ARCHIVED: What is superscalar architecture?

This content has been archived, and is no longer maintained by Indiana University. Information here may no longer be accurate, and links may no longer be available or reliable.

Superscalar architecture is a method of parallel computing used in many processors. In a superscalar computer, the central processing unit (CPU) manages multiple instruction pipelines to execute several instructions concurrently during a clock cycle. This is achieved by feeding the different pipelines through a number of execution units within the processor. To successfully implement a superscalar architecture, the CPU's instruction fetching mechanism must intelligently retrieve and delegate instructions. Otherwise, pipeline stalls may occur, resulting in execution units that are often idle.

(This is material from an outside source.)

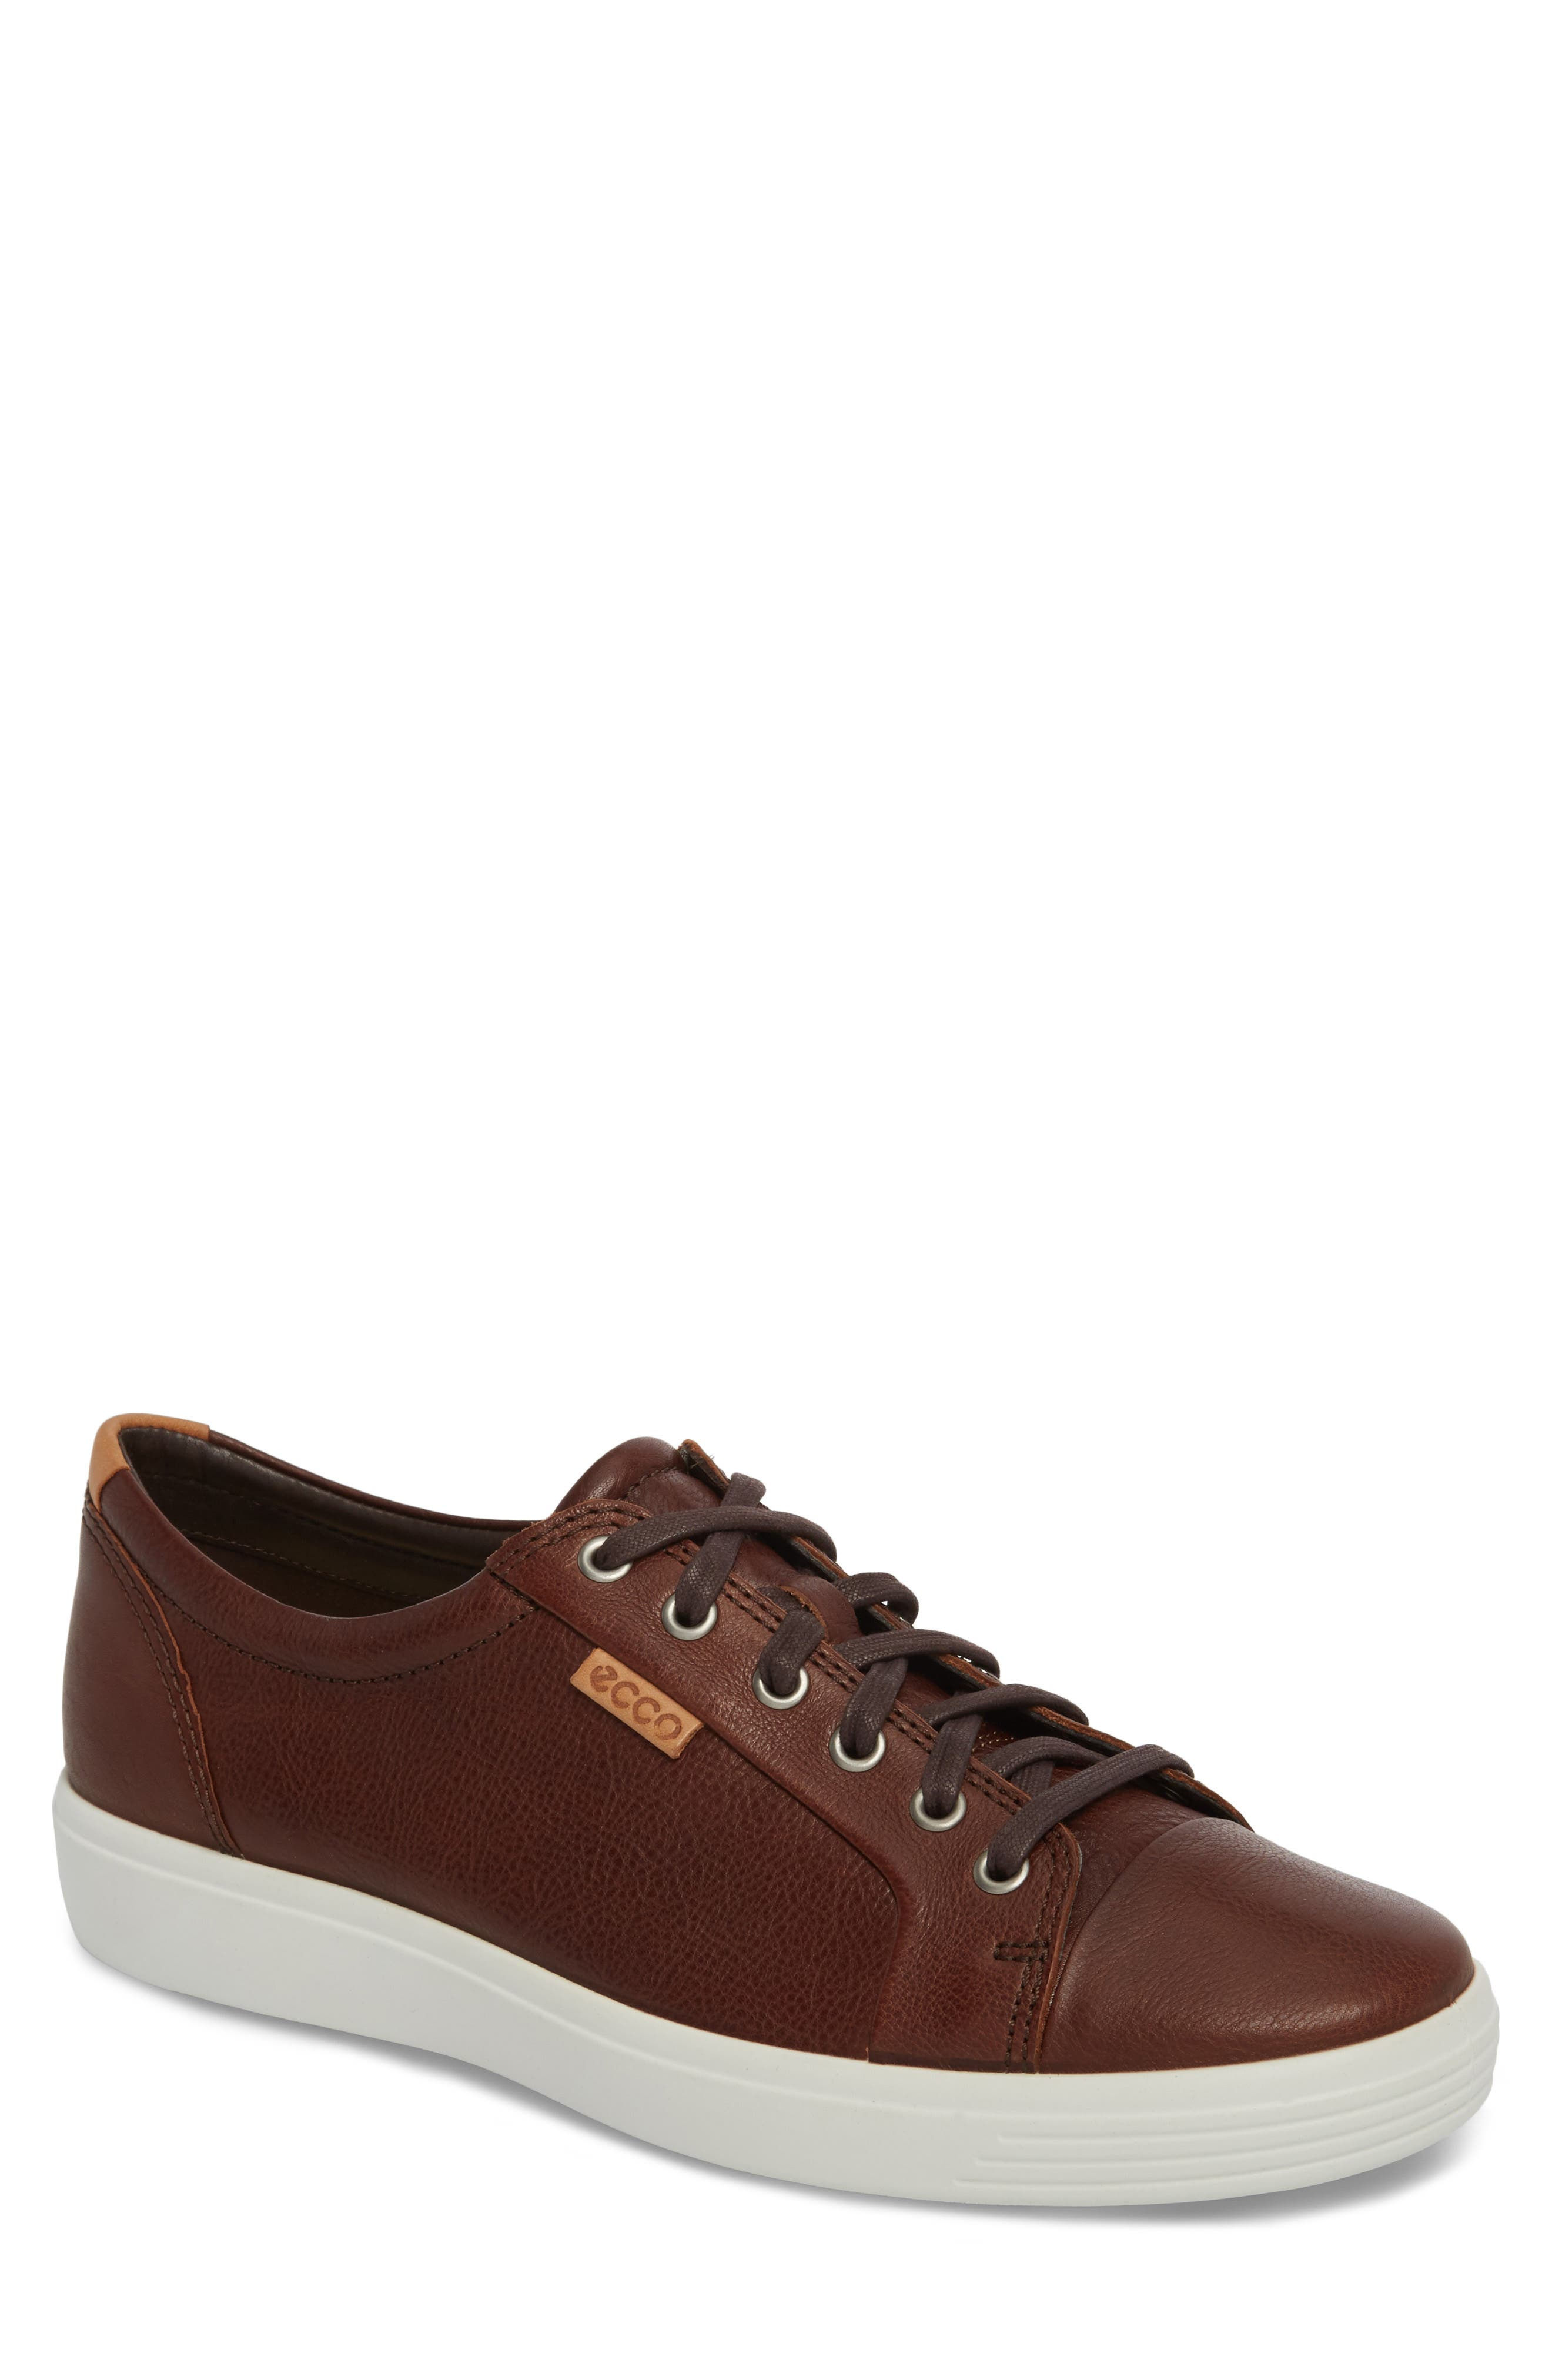 Men's Ecco Soft Vii Lace-Up Sneaker

To visualize how this works, consider a hospital surgical unit that consists of areas for admittance, surgery, and recovery. Patients can move in only one direction, from admittance to recovery, and it takes the same amount of time to go through each of the areas. Assume the admitting area can handle three patients at a time and there are three surgical teams, each of which can work on a single patient. Also assume the recovery area has an indeterminate number of beds, but can accommodate only one person per bed. When the unit is working correctly, the admitting area processes three patients at a time, sends one to each of the teams, and immediately processes another three patients. Even though the surgical teams can handle only one patient at a time, because there are three of them, they will have passed their charges on by the time the new ones arrive. The paths the three patients take are analogous to instructions flowing through three pipelines in a CPU clock cycle. The admitting area is like a fetching mechanism, the surgery teams are like execution units, and the recovery room is like the registers or cache to which the units write their results.

To illustrate the kind of problems that can occur in superscalar architectures, consider what would happen if the staff of the admitting area in the example were not very competent. For example, if they passed a patient in need of a kidney transplant to a surgical team before the donor kidney was available, the team wouldn't be able to go to work. Suddenly, there would be a bottleneck at the admitting area because only two surgical teams would be available for new patients. Another bottleneck could occur if a surgical team tried to assign a patient to an already occupied bed in the recovery area. Again, a bottleneck would appear because the team would not be available until the bed was emptied and the team could move the current patient into it. Stalls like this happen in processors when an execution unit tries to perform a task that is dependent on the results of as yet uncalculated instructions. This is why it is important that CPUs carefully manage the order in which they process instructions.